1. A high-efficiency testing device for isostatically pressed graphite, characterized in that, include: A conveyor frame (1) is provided with a high-efficiency detection mechanism; The high-efficiency detection mechanism includes a support frame (3), a hydraulic cylinder (4), a push plate (5), a limit baffle (6), a counterweight (7), a side baffle (8), and an L-shaped baffle (9); The hydraulic cylinder (4) is fixedly installed on the top of the support frame (3). The hydraulic rod of the hydraulic cylinder (4) is fixedly connected to the push plate (5). The limiting baffle (6) is vertically slidably installed on the push plate (5). The top of the limiting baffle (6) is fixedly connected to the counterweight (7).
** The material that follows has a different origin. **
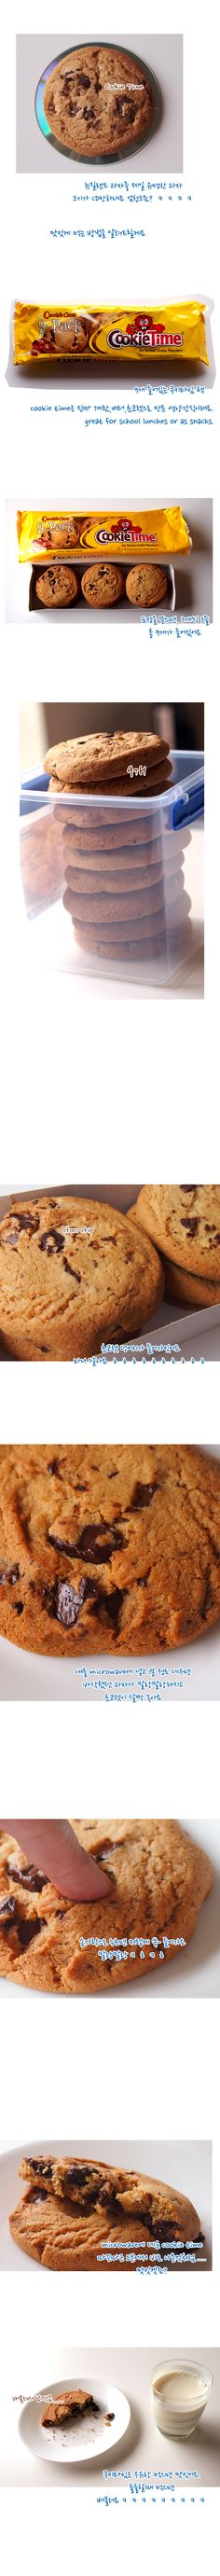 NZ's favorite cookie, Cookie Time

The side baffle (8) and the L-shaped baffle (9) are both fixedly connected to the push plate (5).

2. The high-efficiency detection device for isostatic graphite according to claim 1, characterized in that, The high-efficiency detection mechanism also includes a second hydraulic cylinder (10), a push plate (11), a pressure sensor (12), and a pressure plate (13). The second hydraulic cylinder (10) is fixedly installed on the support frame (3). The hydraulic rod of the second hydraulic cylinder (10) is fixedly connected to the push plate (11). The pressure sensor (12) is fixedly installed on the push plate (11). The pressure plate (13) is fixedly connected to the pressure sensor (12).

3. The high-efficiency detection device for isostatic graphite according to claim 1, characterized in that, The conveyor frame (1) is equipped with a conveyor belt (2), on which isostatic graphite (14) is conveyed.

4. The high-efficiency detection device for isostatic graphite according to claim 3, characterized in that, An inner support (16) is fixedly installed on the inner side of the conveyor frame (1), and the top of the inner support (16) is in contact with the conveyor belt (2).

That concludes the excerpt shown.